I encountered an issue with the configuration mentioned above specifically when users try to connect via third-party mobile apps (e.g., clicking a link inside WhatsApp).

Since I haven't found a direct fix for the mobile app behavior yet, I implemented a workaround by adding a secondary button to the WHMCS product details page.

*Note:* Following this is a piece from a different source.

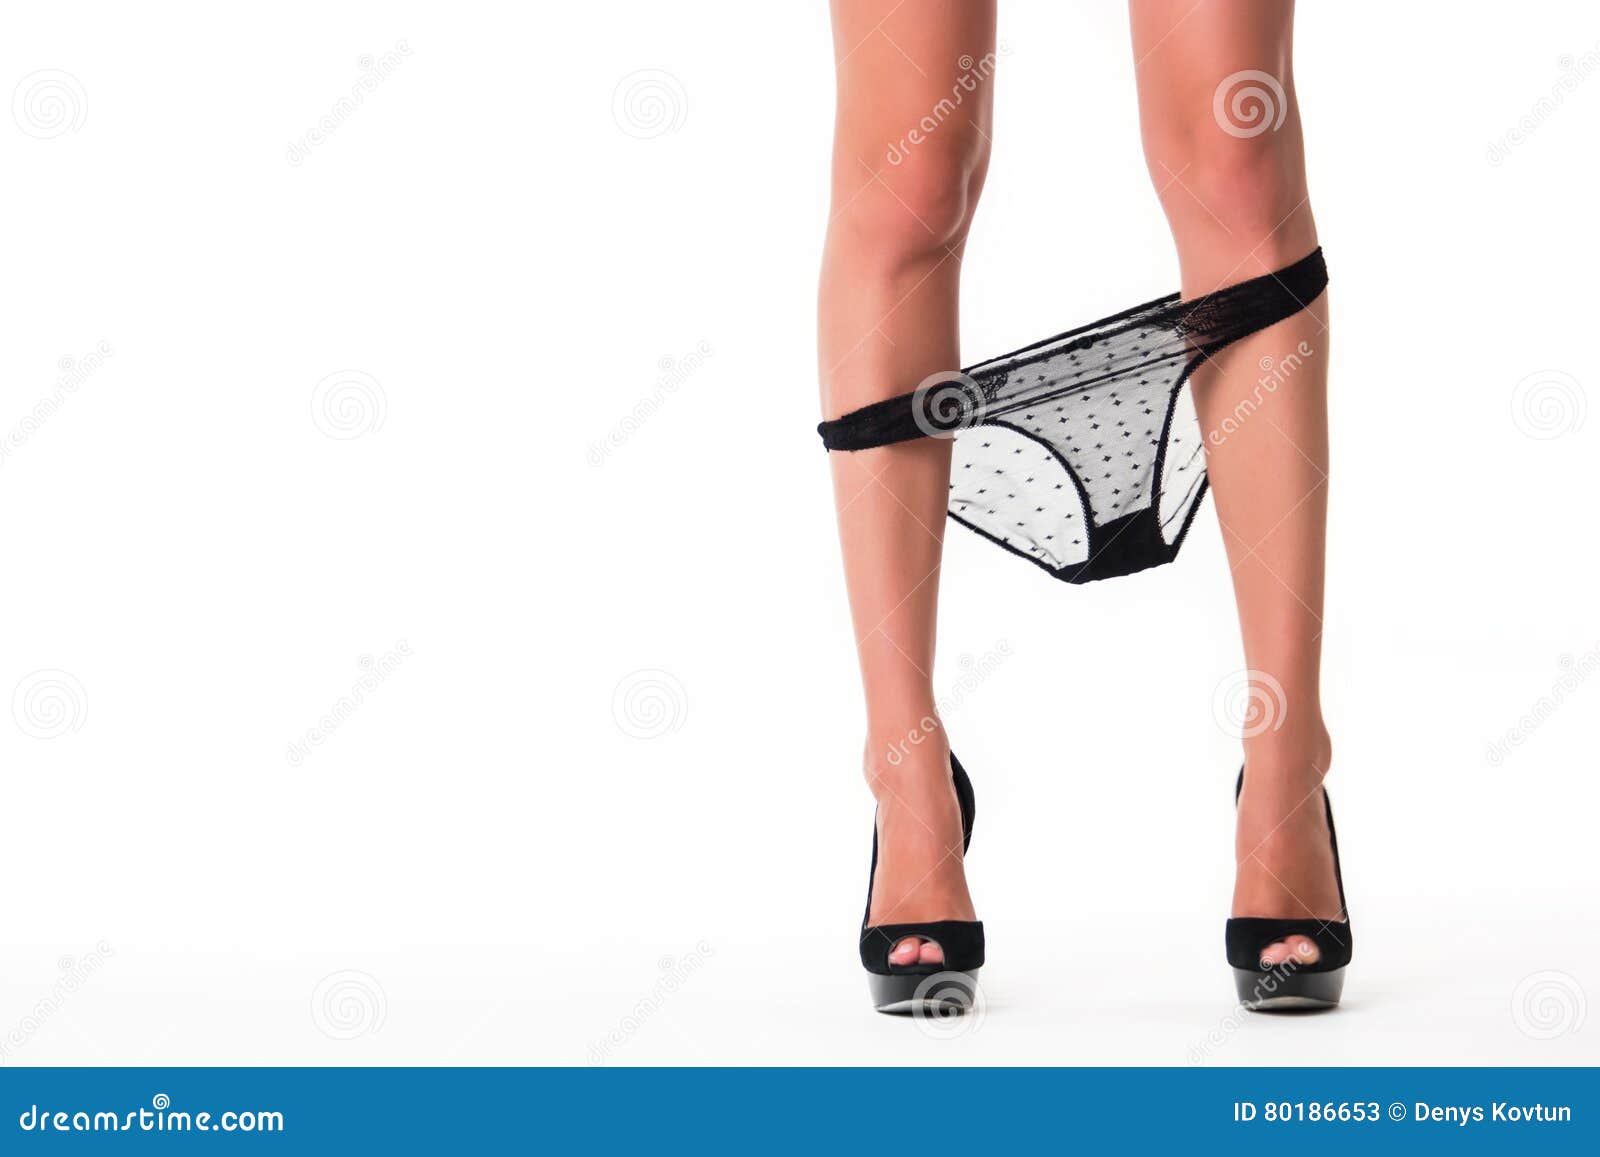 https://thumbs.dreamstime.com/z/female-legs-panties-down-black-underwear-shoes-passion-wakes-seduction-sensuality-80186653.jpg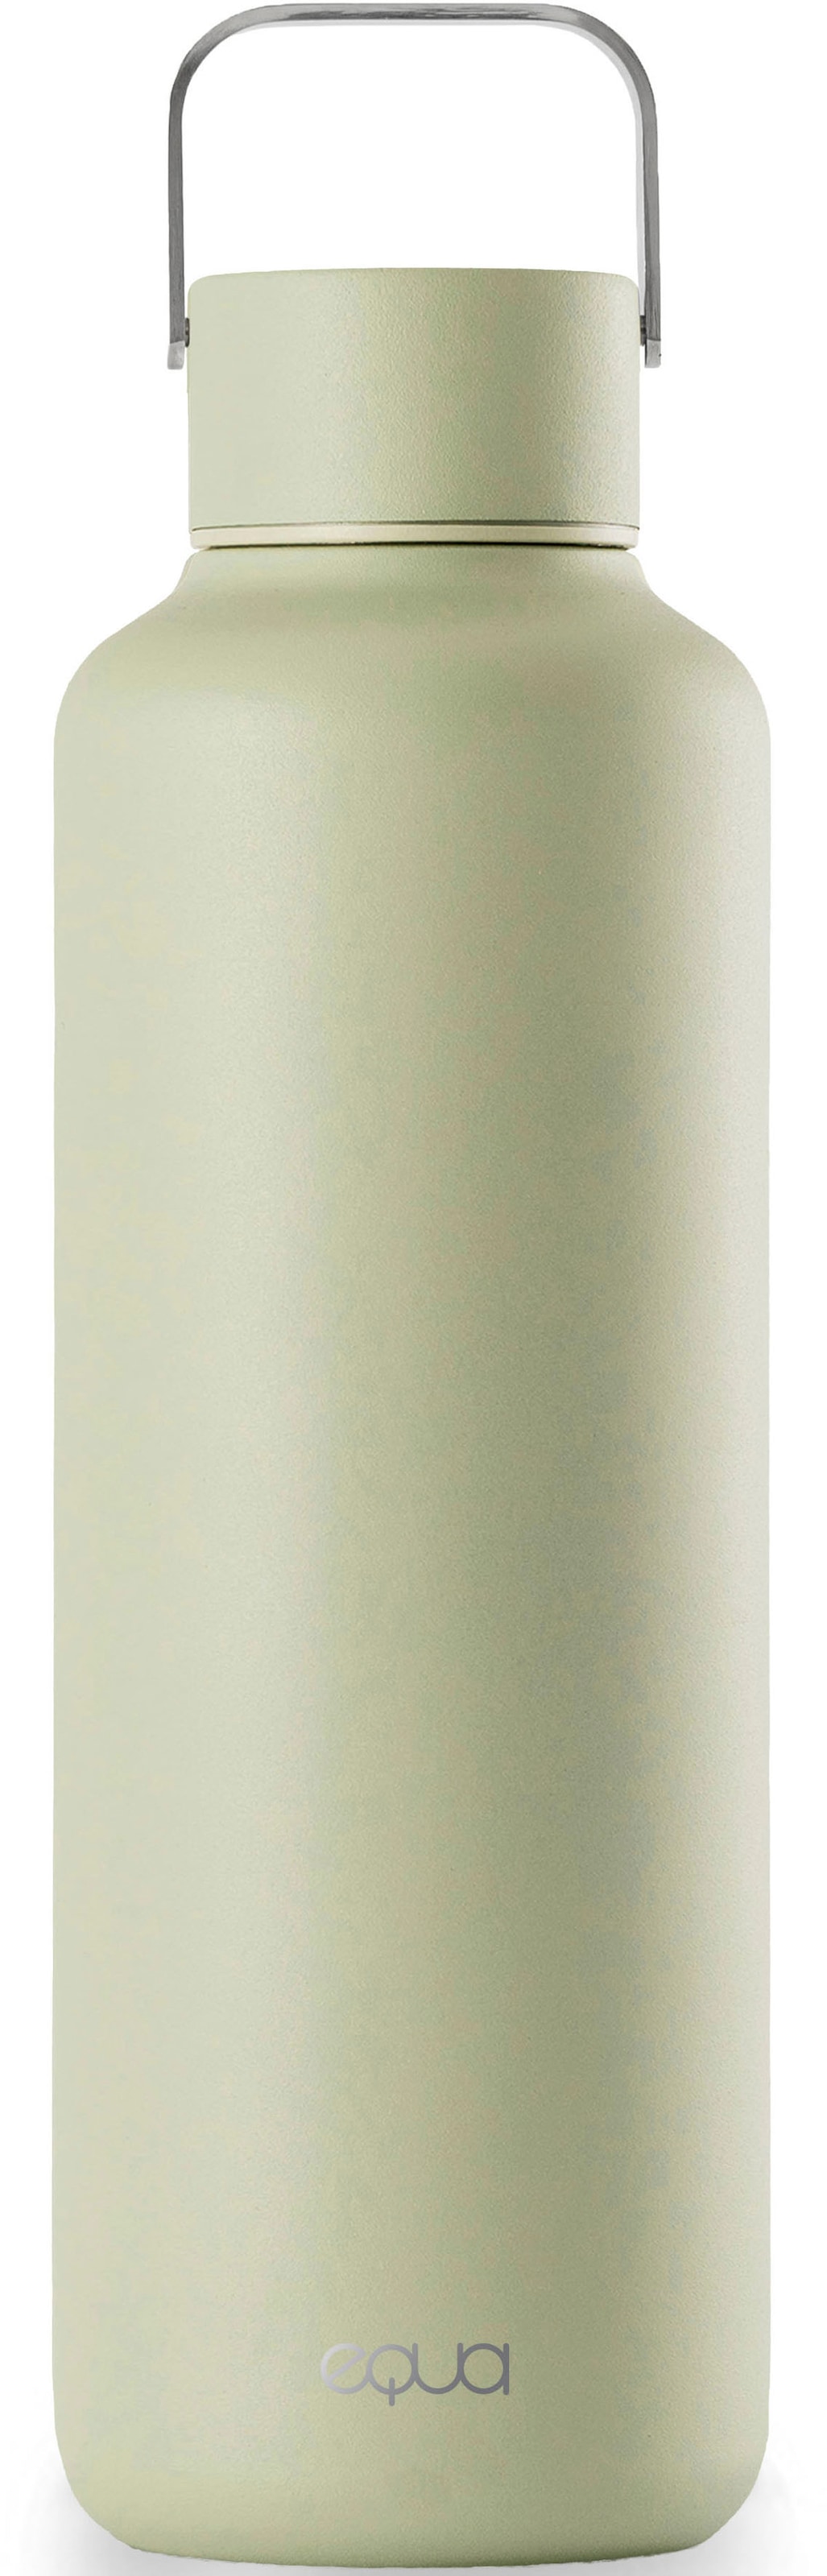 equa Isolierflasche »Timeless Matcha«, Edelstahl, doppelwandig, 600 ml

This allows the user to choose between the standard proxy connection (default) or an alternative login using port 2222 if the first one fails.

Here is the code snippet:

{if $moduleclientarea}
    <div class="text-center module-client-area" style="display: flex; flex-wrap: wrap; justify-content: center; gap: 10px;">
       
        {* --- Common Variable: Hidden Logout Field --- *}
        {assign var="myHiddenField" value='<input type="hidden" name="LOGOUT_URL" value="https://www.yourdomain.com.br/"> </form>'}

        {* --- BUTTON 1: Standard Login (No Port / Proxy) --- *}
        {* Remove :2222 if it exists and inject logout *}
        {$moduleclientarea|replace:':2222':''|replace:'</form>':$myHiddenField}


        {* --- BUTTON 2: Alternative Login (Port 2222) --- *}
        {* Step 1: Get the original HTML (which usually contains port 2222) *}
        {assign var="formAlt" value=$moduleclientarea}

        {* Step 2: Change button TEXT to indicate it is an alternative *}
        {assign var="formAlt" value=$formAlt|replace:'value="Login no DirectAdmin"':'value="Login Alternativo (2222)"'}

        {* Step 3: Change button STYLE (optional, to make it distinct/grey) *}
        {assign var="formAlt" value=$formAlt|replace:'class="button"':'class="button" style="background-color: #555; border-color: #555;"'}

        {* Step 4: Inject logout and Render *}
        {$formAlt|replace:'</form>':$myHiddenField}

    </div>
{/if}

 

[souzadavi]

I updated the tutorial above to fix mobile login error.